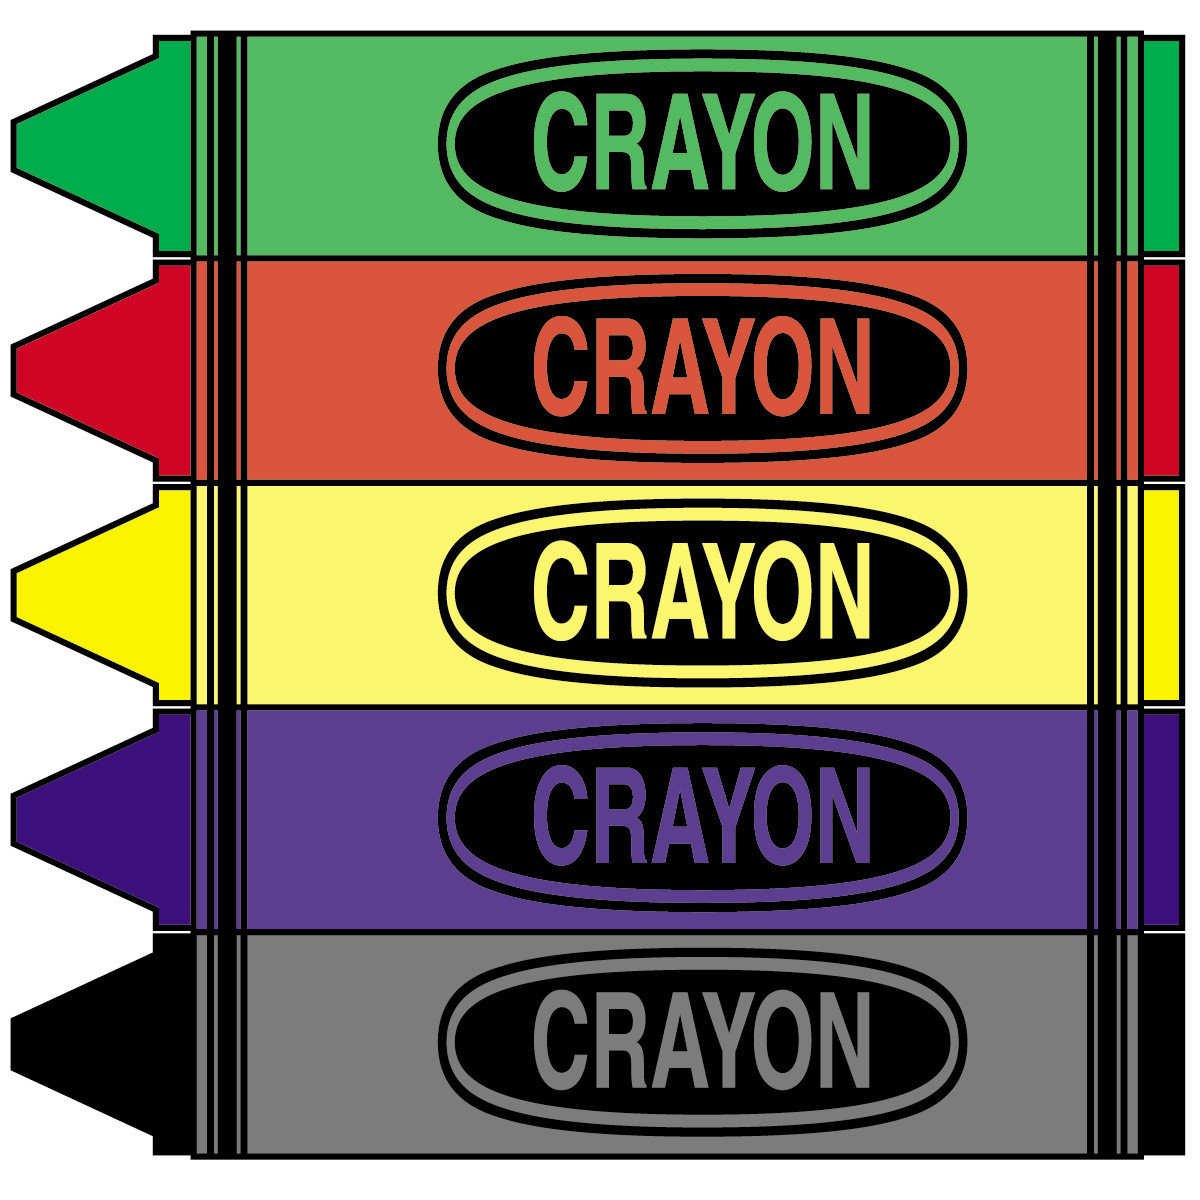 1200x1200 Crayola Crayons Clipart Panda Free Images Mesmerizing Crayon Clip
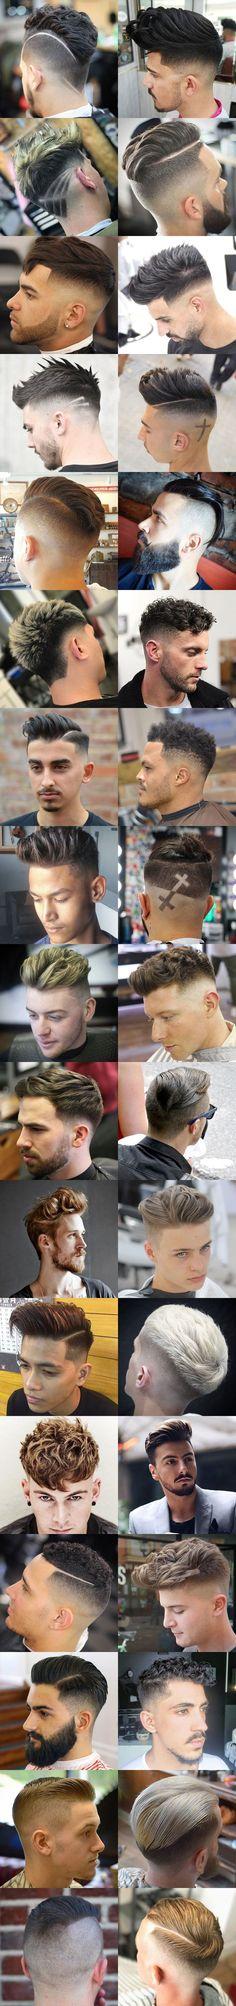 Cool Men's Hairstyles 2018 #menshairstyles2018
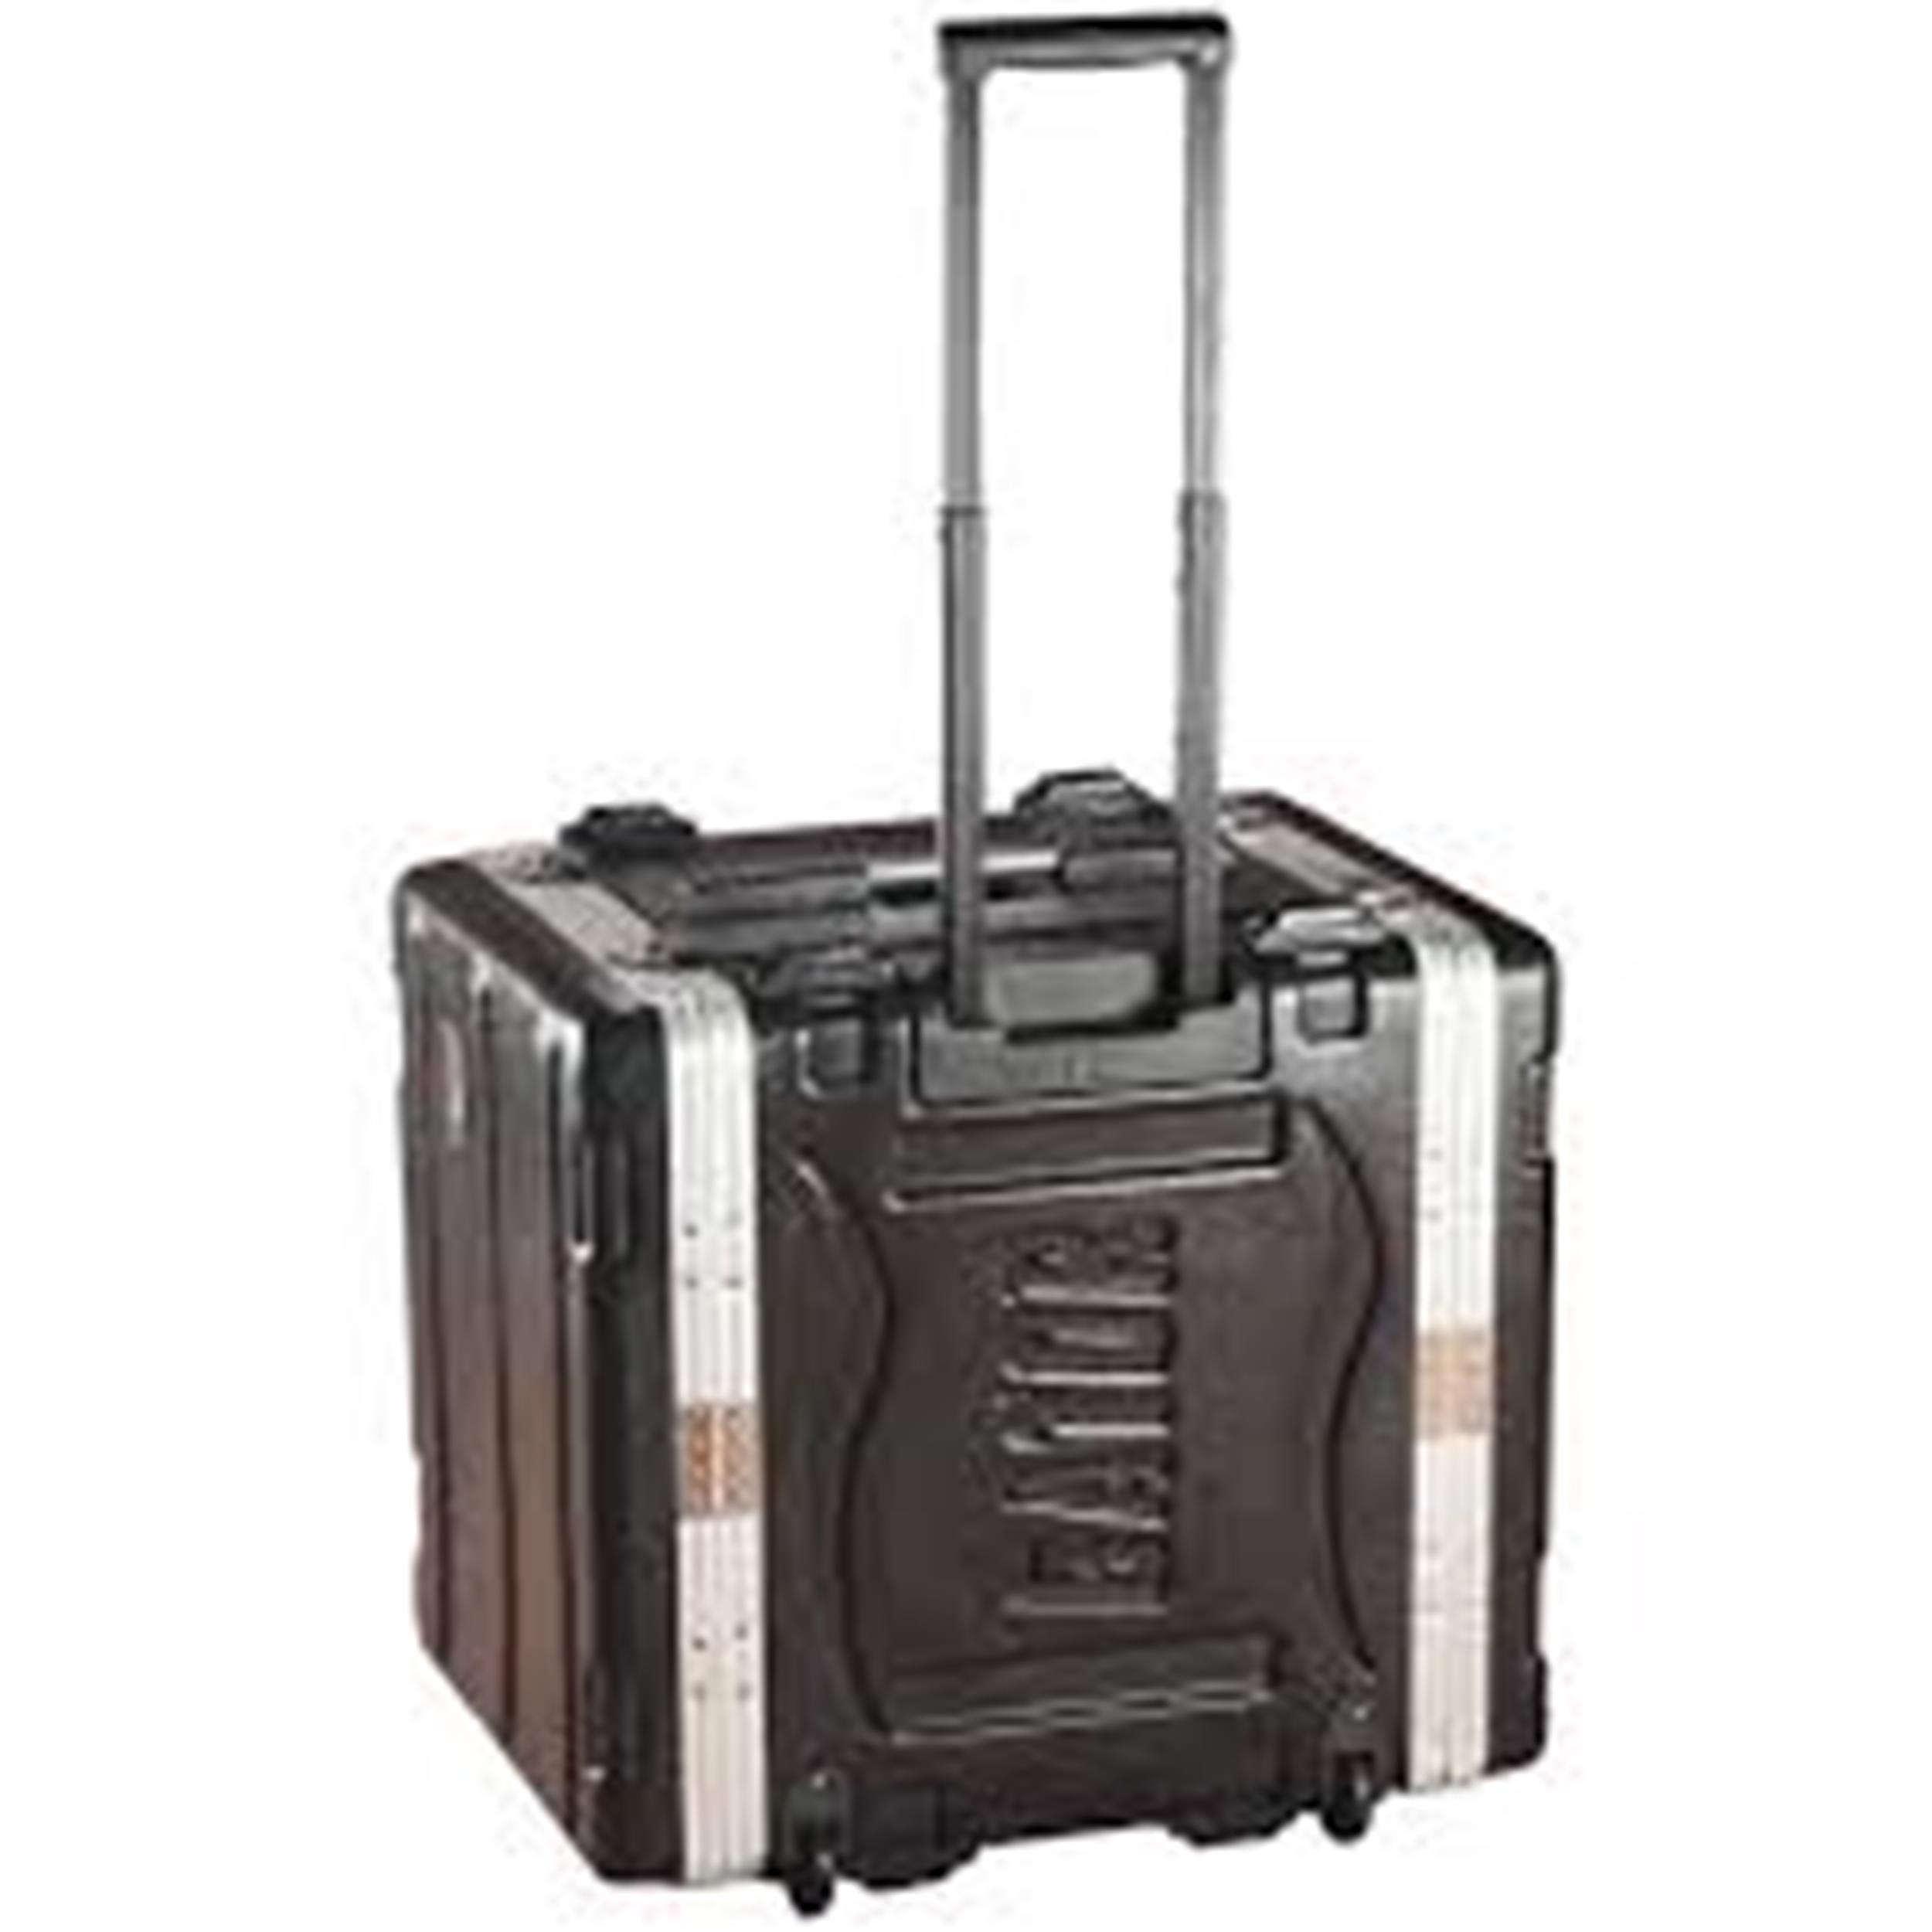 Gator-Cases-GRR-8L-rolling-rack-da-8U-profondit-19-sku-2776759415013
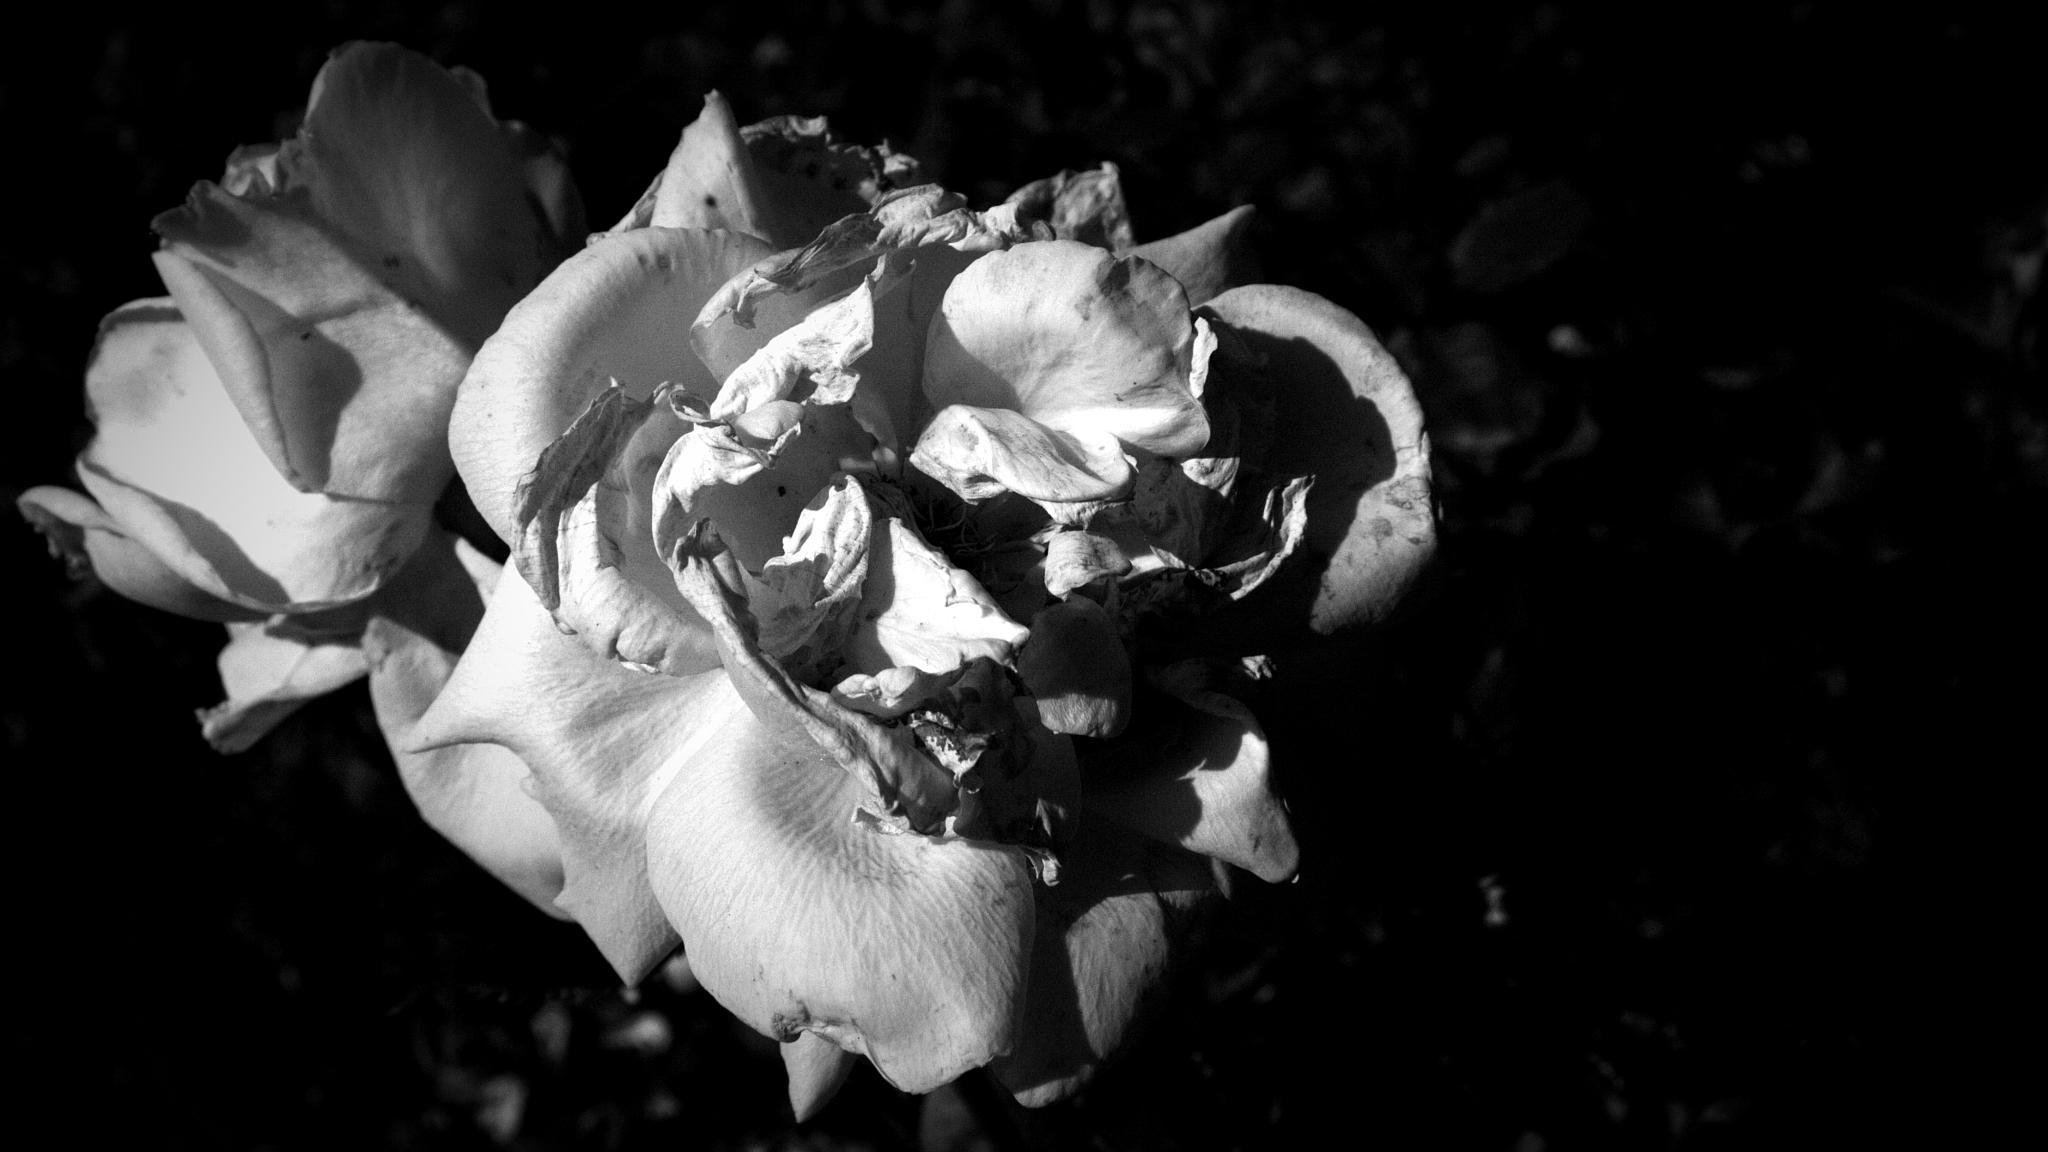 Just A Photograph 373 by Dorian Stretton
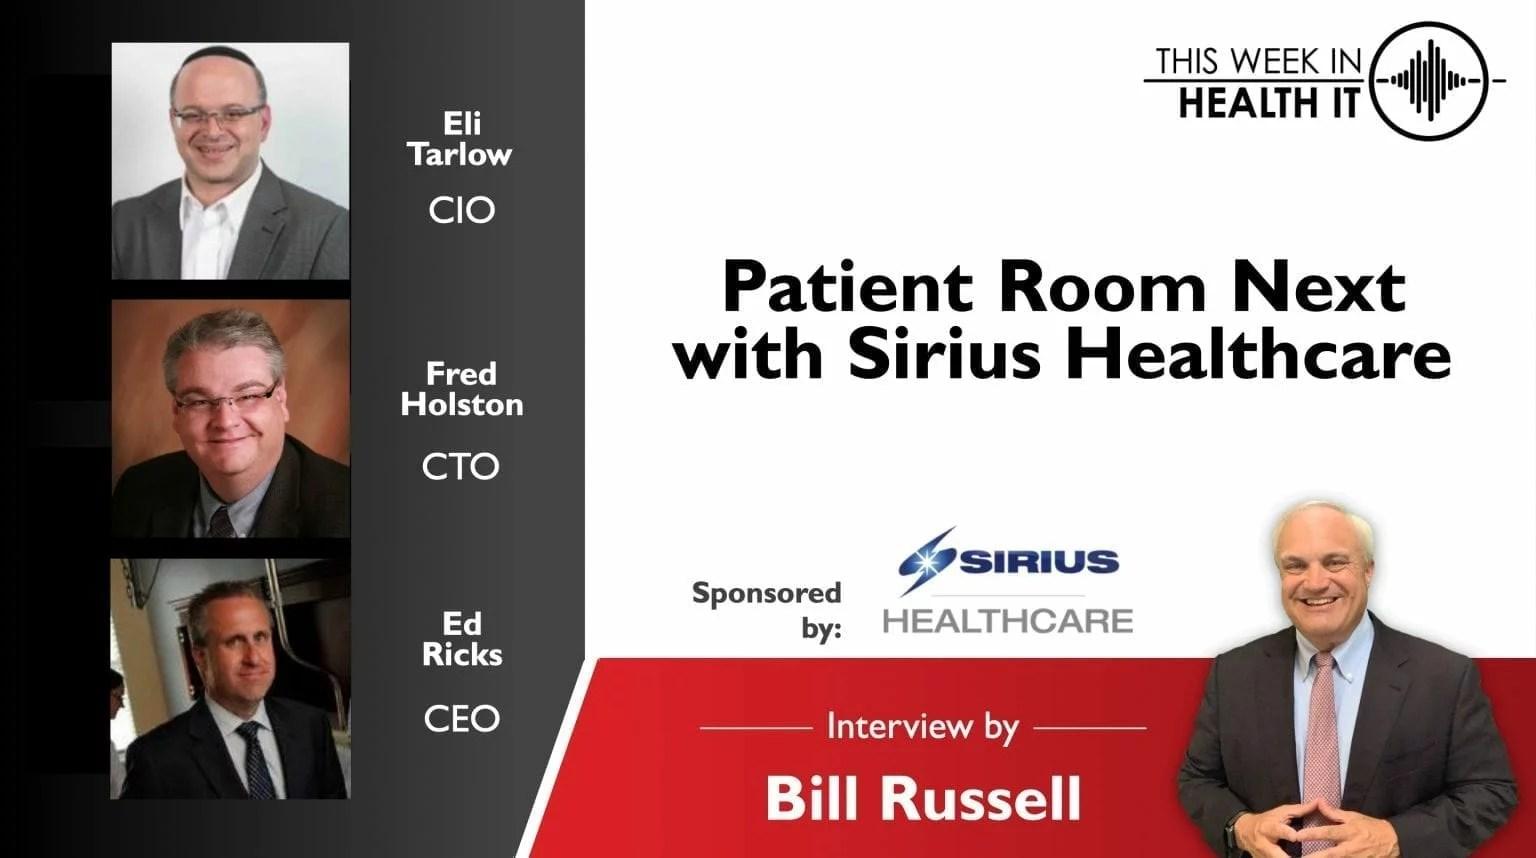 Ed Ricks, Eli Tarlow, Fred Holston, Bill Russell, This Week in Health IT

========

- Work instructions -
Beginning with the line that contains "Cool Men's Hairstyles" and ending with the final line of the material, reproduce those lines exactly and nothing else. Omit the pictures.

- Response -
 Cool Men's Hairstyles 2018 #menshairstyles2018
 Gator-Cases-GRR-8L-rolling-rack-da-8U-profondit-19-sku-2776759415013
 Just A Photograph 373 by Dorian Stretton
 Ed Ricks, Eli Tarlow, Fred Holston, Bill Russell, This Week in Health IT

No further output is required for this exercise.